Yes and no. Compromise is part of the essence of democracy. However, the degree of compromise, and whose interest a politician is primarily concerned with, are things the public could influence if they organized, acted intelligently, and acted aggressively. I don’t want to get into it now, but there are ways that the public could exert discipline on their representatives if they were either a) collectively smarter or b) had smarter and/or less coopted leaders. (Am tentatively planning to write a diary on this subject, next month, which I hope to deliver as a talk and paper.)
Nobody’s ever paid me a dime for my vote, and that’s generally true. The answer is “yes”, but it’s a conditional “yes”. Without crowd sourcing, movement building, strategic thinking (at least by reformist leaders), aggressiveness, teaching of the public, resourcefullness, and ‘democratic infrastructure and tool building’, the answer is “no”.
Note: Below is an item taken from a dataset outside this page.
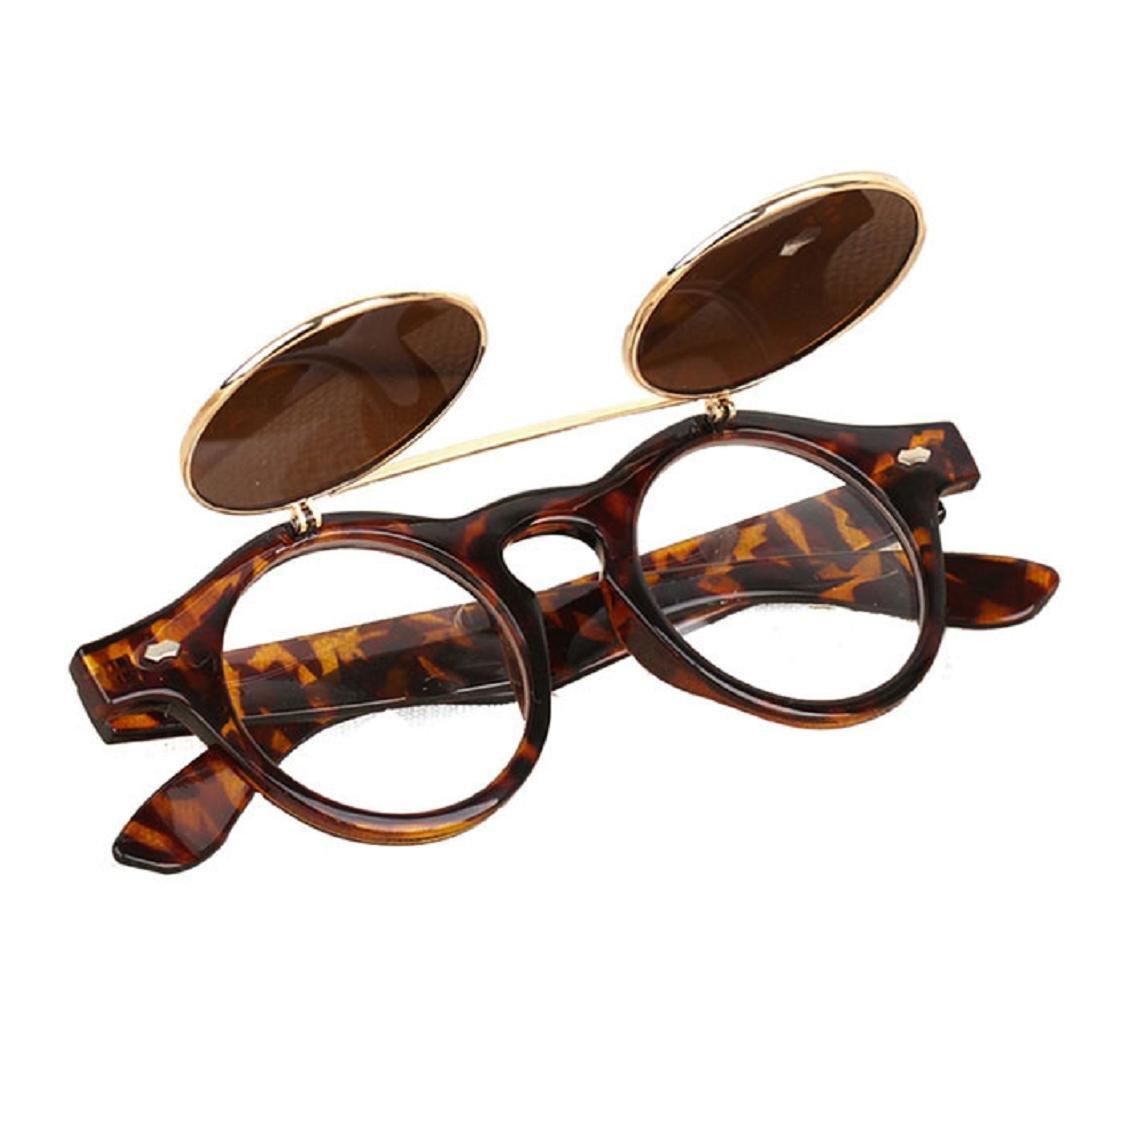 Mchoice Steampunk Goth Goggles Glasses Retro Flip Up Round Sunglasses Vintage (A)

The fact that Obama was trying to play both sides of the street has caught up with him. Too many of his very own colleagues are sick of him. The closer we get to the election, the more this will be revealed.
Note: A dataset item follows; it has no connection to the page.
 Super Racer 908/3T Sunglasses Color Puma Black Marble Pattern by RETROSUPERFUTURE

I don’t understand all of it, metamars, but as I was admittedly causally listening to Jill Stein speaking at a DC Statehood group, I understood her to say that her campaign had already qualified for federal matching funds, by which I assumed she meant Public Funding.
We all keep batting around the issues like: third-party candidate to support, too-bad-Stein-and-Anderson-unite-on-one-ticket, votes for which candidate would send the strongest anti-uniparty message, which candidate’s party would have true longevity, which candidate has the most cross-over appeal among the pissed of 99%…all worthy considerations.
But in the end, it’s important to urge friends and acquaintances not to give into fear; that, and Big Party Money to shut down populist candidates for federal office, have gotten us where we are now.
It may be our last chance to even attempt to throw off Rule by Corporatocracy, and if votes were concentrated on one candidate, who knows come November how expected economic and other conditions might focus more people’s attention toward alternative candidates?
But it seems to late for that at this point, unless the Greens and Justice Parties could really get how dire a time this is for them to unite…that more people might actually live, not to mention the planet.
Rec’d; sorry for honking on so.
“Waiting until general elections to start twisting the arms of the D’s and R’s is stupid.”
Too true.
Because of the impact of money and the crushing influence of television, I’m in no way convinced that voting in the US is a useful activity. However, one thing that does seem to work in favor of influencing politicians (and those who pay for them) is shame, which is to say negatively impacting the abstract aspects of their status–plus this is an example that not every relationship is a function of economics. Apart from what I have seen, I remember reading some research on this years ago but can’t remember where that info is now (sorry). And the risk of international shame for the folks in D.C. was part of the reason for the success of the Civil Rights movement.
I’d rather just behave responsibly myself rather than elect a leader and defer to their power and judgement. But the US is supposed to be a representative democracy, not a direct one.
For what voting is worth, candidates from outside the one major party are always more worth a vote if for no other reason than to challenge the status quo. I’m with you on “how screwed [we] are by accepting the D/R framing.”